■ AIM OF THE TASK ■
Examine each line of the data, and copy the ones containing "Black".
(THE INPUT begins)
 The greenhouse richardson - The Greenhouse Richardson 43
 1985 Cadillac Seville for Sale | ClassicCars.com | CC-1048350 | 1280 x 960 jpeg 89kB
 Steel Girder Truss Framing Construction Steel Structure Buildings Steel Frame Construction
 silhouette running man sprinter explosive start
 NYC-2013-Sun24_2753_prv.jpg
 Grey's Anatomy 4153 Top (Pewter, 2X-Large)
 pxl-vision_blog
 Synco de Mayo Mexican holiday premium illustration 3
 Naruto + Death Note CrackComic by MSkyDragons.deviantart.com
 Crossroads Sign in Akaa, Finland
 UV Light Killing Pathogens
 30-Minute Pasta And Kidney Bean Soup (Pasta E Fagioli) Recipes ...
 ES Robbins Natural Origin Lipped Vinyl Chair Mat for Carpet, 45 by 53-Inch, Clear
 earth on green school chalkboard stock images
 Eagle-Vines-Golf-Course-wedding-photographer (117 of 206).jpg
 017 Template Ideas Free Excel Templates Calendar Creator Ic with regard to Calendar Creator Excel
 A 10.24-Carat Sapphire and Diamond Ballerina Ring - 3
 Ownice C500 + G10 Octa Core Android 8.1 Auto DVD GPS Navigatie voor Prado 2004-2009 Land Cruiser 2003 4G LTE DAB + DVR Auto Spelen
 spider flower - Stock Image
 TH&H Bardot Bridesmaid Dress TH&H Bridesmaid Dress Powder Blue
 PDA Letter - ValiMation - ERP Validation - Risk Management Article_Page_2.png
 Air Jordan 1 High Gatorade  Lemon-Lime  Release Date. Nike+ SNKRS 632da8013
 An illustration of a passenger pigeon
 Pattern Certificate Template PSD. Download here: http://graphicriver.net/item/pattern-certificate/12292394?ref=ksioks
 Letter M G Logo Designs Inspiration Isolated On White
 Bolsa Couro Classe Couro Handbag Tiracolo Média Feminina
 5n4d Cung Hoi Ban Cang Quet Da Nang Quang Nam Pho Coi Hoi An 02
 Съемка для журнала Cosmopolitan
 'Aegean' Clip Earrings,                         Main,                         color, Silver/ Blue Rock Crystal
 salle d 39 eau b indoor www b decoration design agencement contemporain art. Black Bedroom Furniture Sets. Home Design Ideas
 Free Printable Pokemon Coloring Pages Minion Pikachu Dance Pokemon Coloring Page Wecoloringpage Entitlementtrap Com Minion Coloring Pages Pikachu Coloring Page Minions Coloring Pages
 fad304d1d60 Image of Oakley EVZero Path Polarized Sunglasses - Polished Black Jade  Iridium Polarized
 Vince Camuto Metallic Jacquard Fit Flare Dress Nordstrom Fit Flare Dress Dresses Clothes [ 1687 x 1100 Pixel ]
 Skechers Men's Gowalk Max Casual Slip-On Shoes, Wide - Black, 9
(THE INPUT ends)
■ FINISHED EXERCISE ■
 salle d 39 eau b indoor www b decoration design agencement contemporain art. Black Bedroom Furniture Sets. Home Design Ideas
 fad304d1d60 Image of Oakley EVZero Path Polarized Sunglasses - Polished Black Jade  Iridium Polarized
 Skechers Men's Gowalk Max Casual Slip-On Shoes, Wide - Black, 9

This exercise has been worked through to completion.